To the best of our knowledge, there has been no discussion so far concerning Ri’s fixed point result in  in the sense of w-distances. Based on the above mentioned fact, we present new fixed point theorems for generalized contraction mappings with respect to w-distances in complete metric spaces, which is an extension of Ri’s fixed point result, and give an example for showing the usability of our results while Theorem 1.1 is not applicable.
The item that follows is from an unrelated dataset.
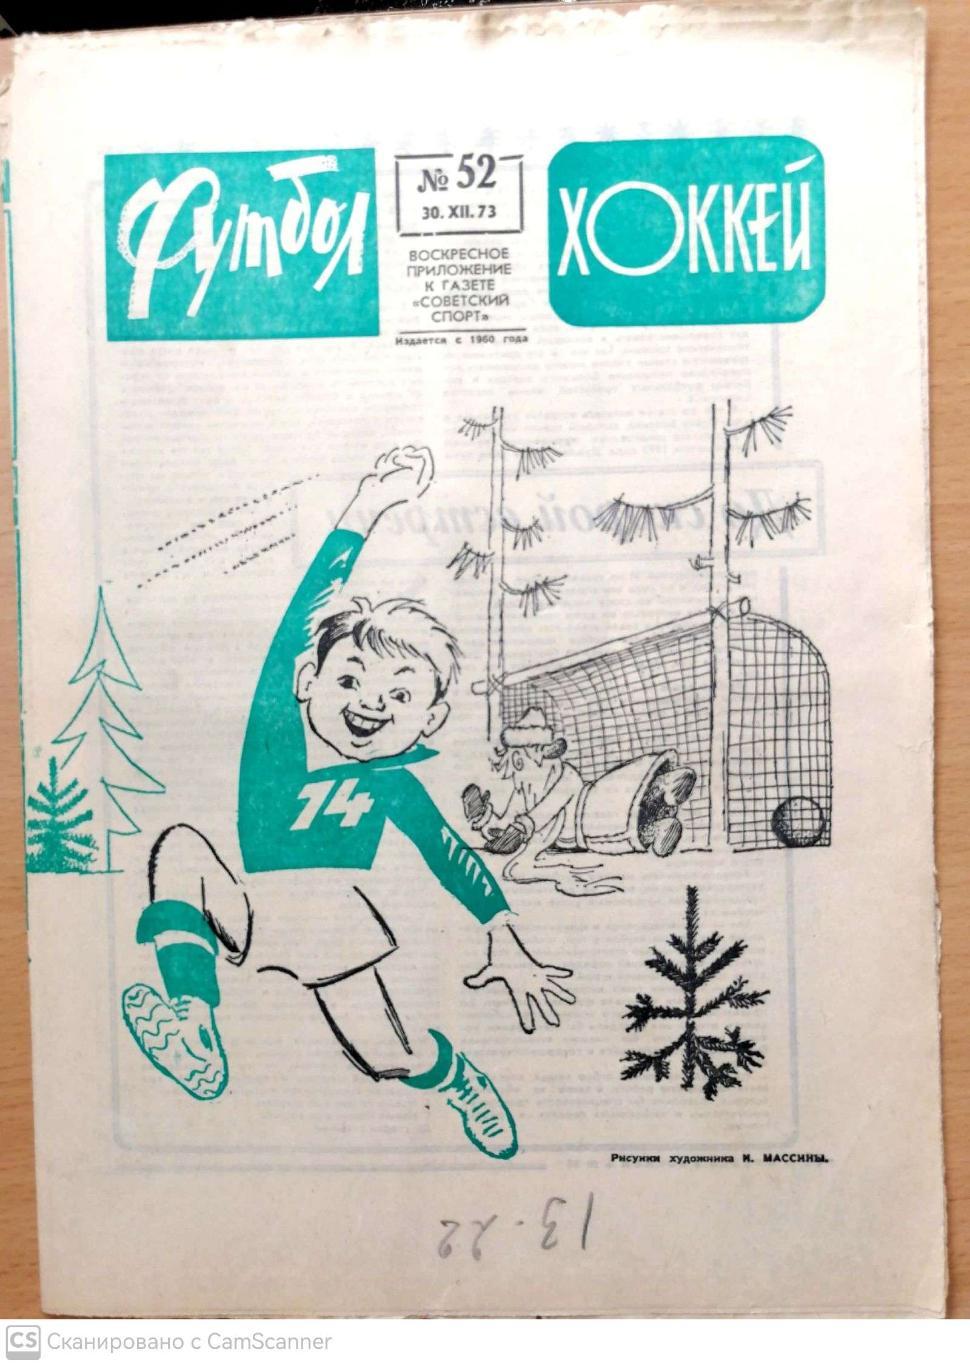 Еженедельник «Футбол-Хоккей». 1973 год. №52 блохин

We also give numerical experiments for finding a fixed point in this example. As an application, the acquired results are used to aggregate the existence and uniqueness of the solution for nonlinear integral equations and nonlinear fractional differential equations.

## Preliminaries

In this section, we recall some important notations, needed definitions, and primary results joint with the literature.

### Definition 2.1

()

Let $$(X,d)$$ be a metric space. A function $$q :X\times X\rightarrow [0,\infty)$$ is called a w-distance on X if it satisfies the following three conditions for all $$x,y,z \in X$$:

1. (W1)

$$q(x,y)\leq q(x,z)+q(z,y)$$;

2. (W2)

$$q(x,\cdot):X \rightarrow[0,\infty)$$ is lower semicontinuous;

3. (W3)

for each $$\varepsilon>0$$, there exists $$\delta>0$$ such that $$q(x,y)\leq\delta$$ and $$q(x,z)\leq\delta$$ imply $$d(y,z)\leq \varepsilon$$.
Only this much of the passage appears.